An initiative aimed at increasing the graduation rates of under-represented students at the nation’s largest university system has critics concerned some provisions will dilute quality education and exacerbate existing gaps.
The California State University Board of Trustees on Wednesday unveiled the plan, part of the national Access to Success project, aimed at cutting by half the gap in the college-going and graduation rates of low-income and minority with that of Whites by 2016. CSU also wants to increase degree attainment by 8 percent overall, officials said. However, it remains to be seen how the state will implement goals with a strained budget.
All 23 campuses will be tasked with devising a strategy for their individual institutions to raise the six-year graduation rate from 46 percent to the national average of 54 percent. The goal is to graduate 7,000 to 8,000 more students each year, CSU Chancellor Dr. Charles Reed told the Los Angeles Times.
CSU faculty and staff praised the goals but cautioned that excluding them from the process may result in misguided methods.
“I will confess that we’re surprised there has been no conversation with faculty, student and support personnel about what would help students graduate in a more timely fashion,” said Dr. Lillian Taiz, president of the California Faculty Association. “The truth is that people on the ground know the problem and the solutions from our daily interactions with students. We know two issues account for most of the difficulties students are having in graduating.”
Taiz, a history professor at Cal State, Los Angeles, said the availability of classes and financial concerns are the primary obstacles to degree completion.
“For years now, students have made presentations to the Board of Trustees about how (fee) increases … often force them to either seek out paid employment, which is not healthy for their studies, or to drop out all together.”
The initiative may reduce the number of general education courses to allow students to move on to major coursework sooner, restrict class withdrawal and establish learning communities, officials said. Reed said campuses may employ assessments and improved advising to track students on their way to a degree.
“There are simple things we can do, like having faculty take class attendance and if a student misses a second or third time, call or e-mail to find out why and get on it before they get so far behind, get a failing grade and give up hope,” Reed told the Los Angeles Times.
CFA Vice President Dr. Kim Geron, of CSU East Bay, raised concerns about what impact the college completion initiative would have on remedial programs that prepare students for college-level work.
“Graduation rates cannot be achieved on the cheap by downsizing or eliminating long-established and highly successful fundamental classes. Incoming freshman need these courses and the best way to meet their needs and achieve their dream of a college degree is to allow them the opportunity to take the remedial courses,” Geron said.

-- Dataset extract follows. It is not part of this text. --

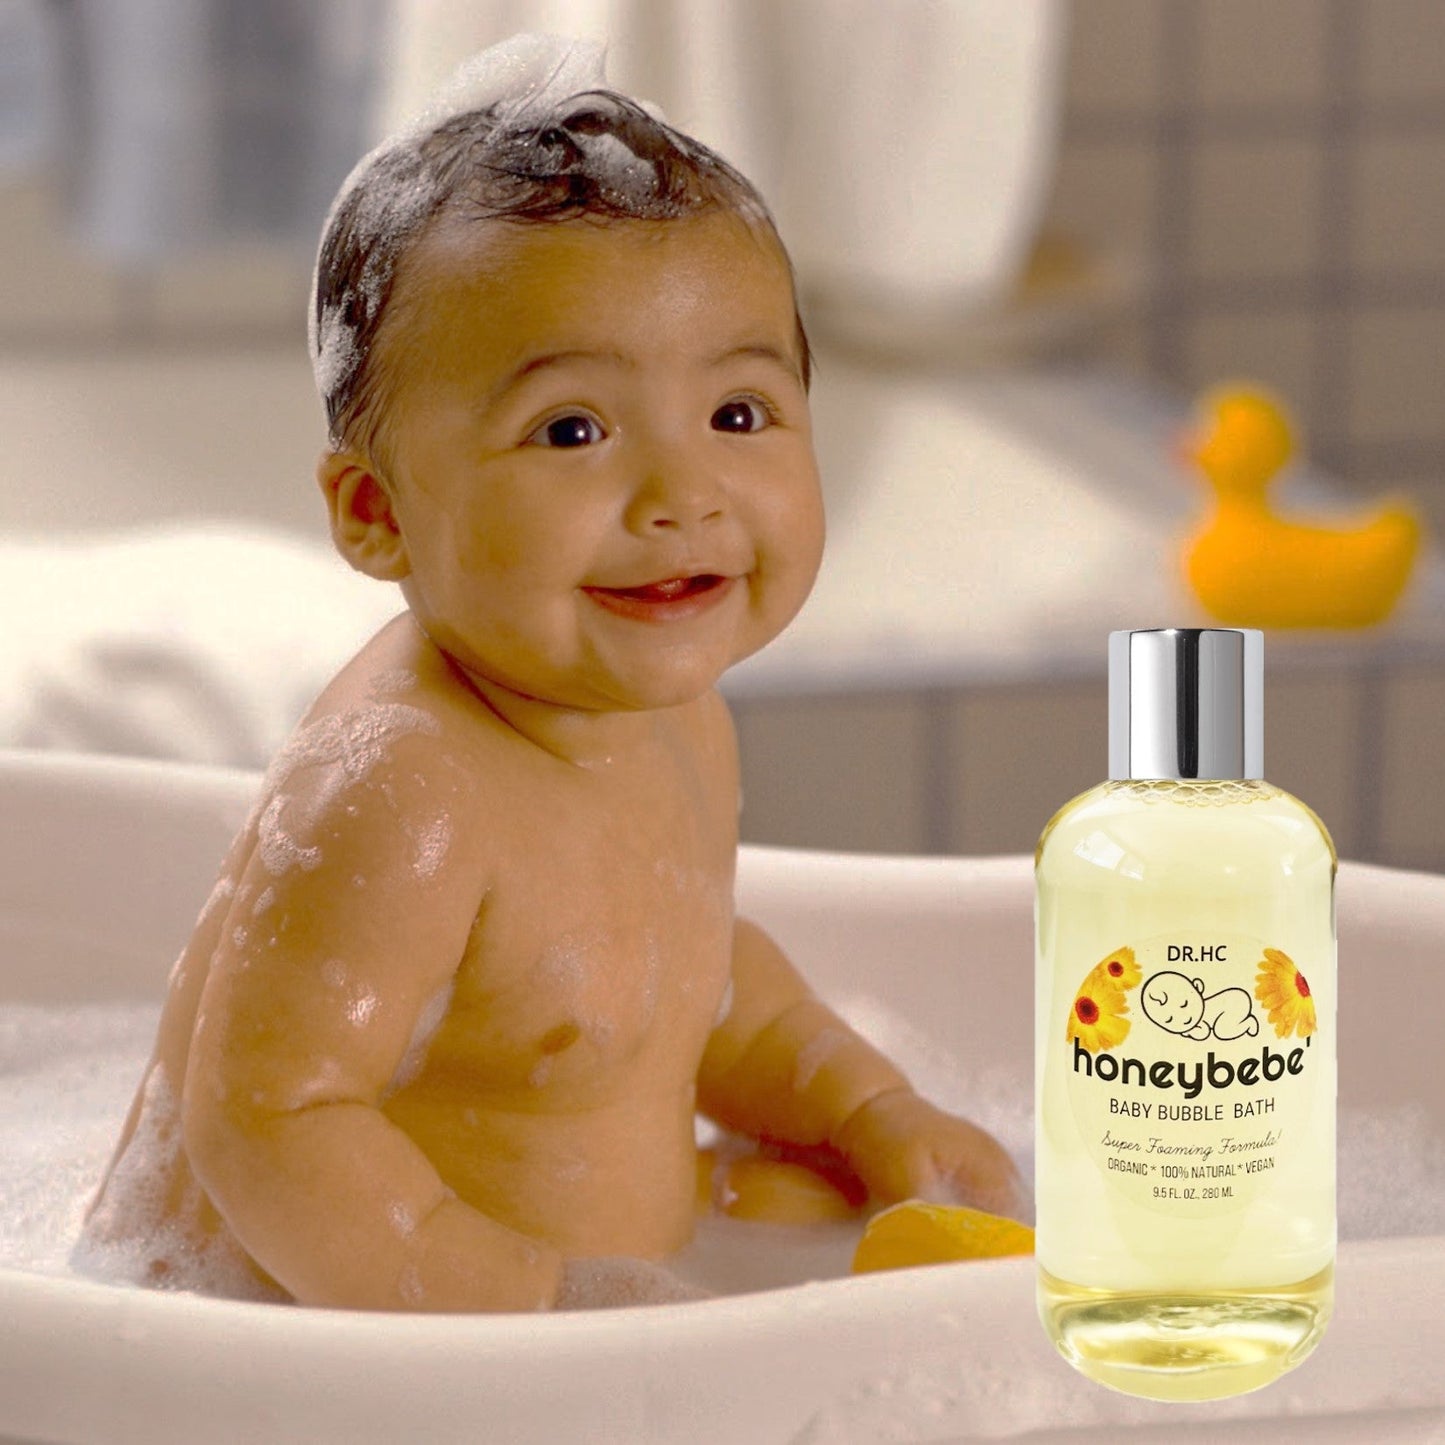 DR.HC Honeybebe' Organic & All-Natural Baby Bubble Bath (Refreshing Patchouli) - For Baby & Mommy (9.5 fl.oz., 280 ml)

“My specific concern is that this educational committee is placing a higher value of expediency rather than on quality education,” CSU Dominguez Hills student Adan Alonzo said during the board meeting.

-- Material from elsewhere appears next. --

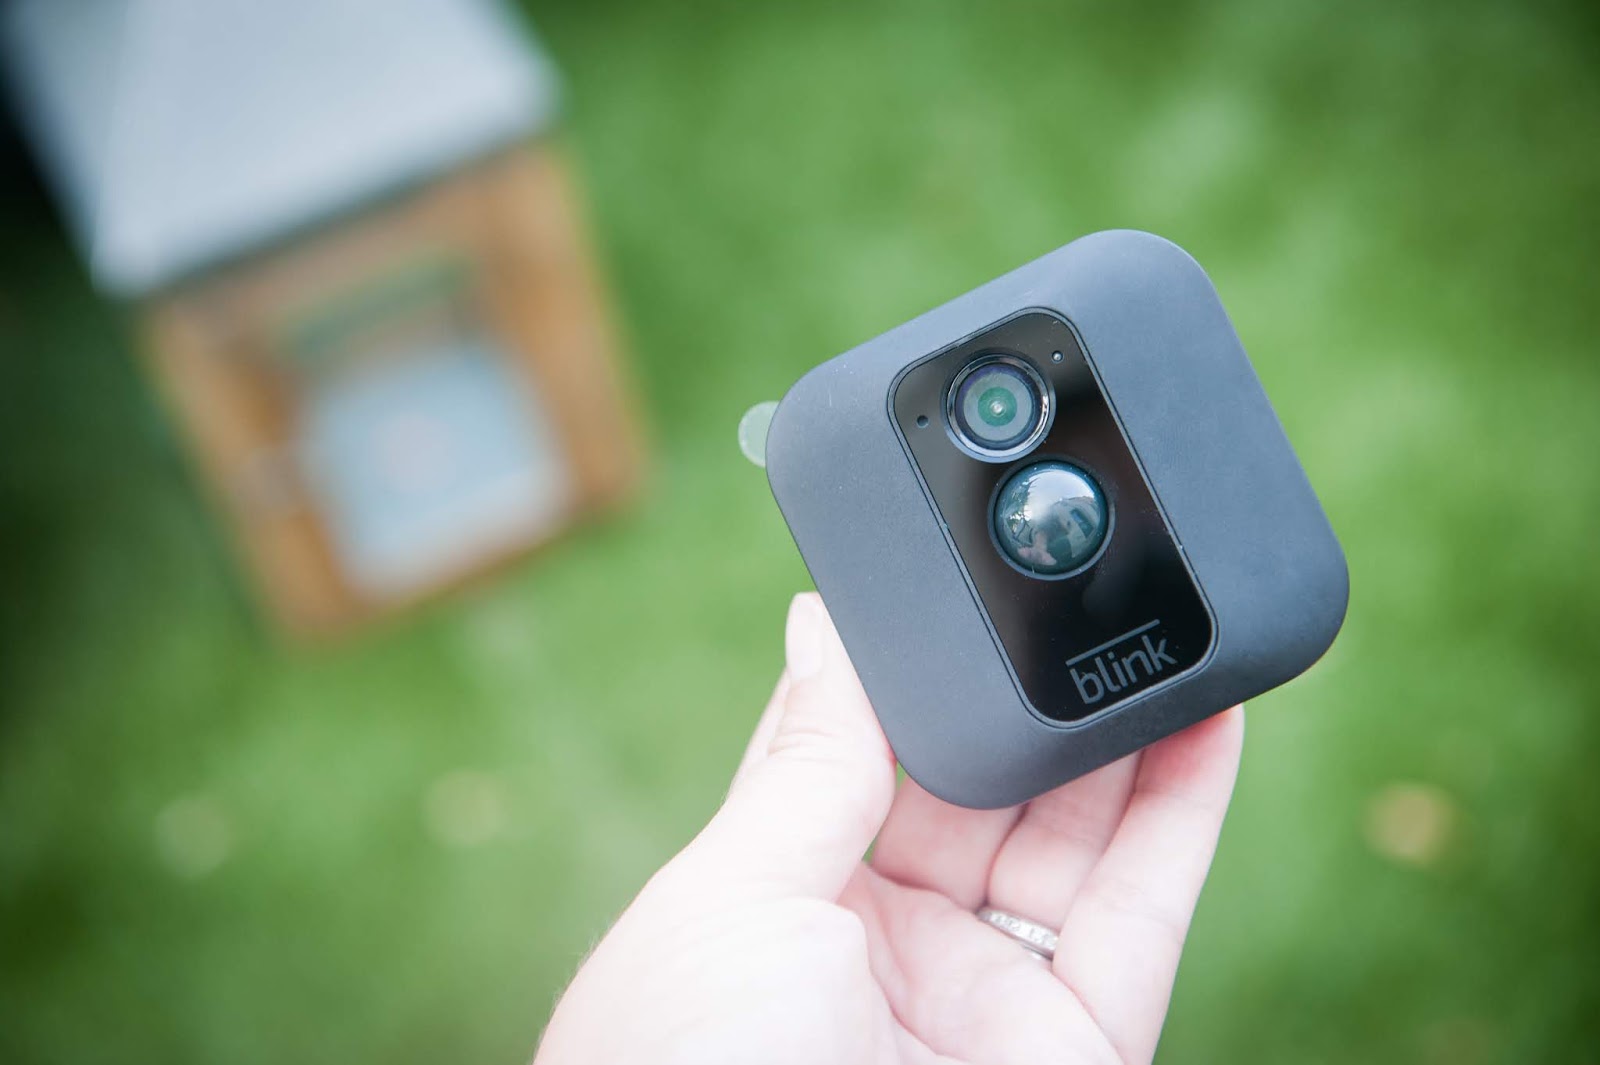 How to Install & Set Up a Blink Video Camera

Responding to the comments, Trustee Herbert Carter made an emotional rebuttal to the claim the proposed changes would harm students of color and prevent those of low economic means from reaching academic success.
“This appears to me to be something of a pre-emptive strike to prohibit this system from bringing about necessary changes in a program that has not served everyone well over the past 30 years,” Carter said, linking concerns raised Wednesday about remedial education to an upcoming board meeting on that topic. “We need to do more to help young people, particularly people of color who come into this system underprepared by the inadequate high school they attended.”
There are no calculations as to the cost of the graduation initiative that will affect CSU’s 450,000 students, but Reed has given some indication that stimulus money may be used to reach the goals President Barack Obama has set for the nation’s higher education system.
Carter reiterated the CSU’s commitment to bringing all of California’s students under an equitable, efficient and cost-effective plan.
“I want it clear that we will do what we can to help all of our students be successful and we should not shy away from change,” he said. “Simply because we have done something one way for the past 30 years does not mean that we can’t find some better ways to try and do it differently. “
The Access to Success is a project of the National Association of System Heads (NASH) and The Education Trust and includes 24 public higher education systems including CSU.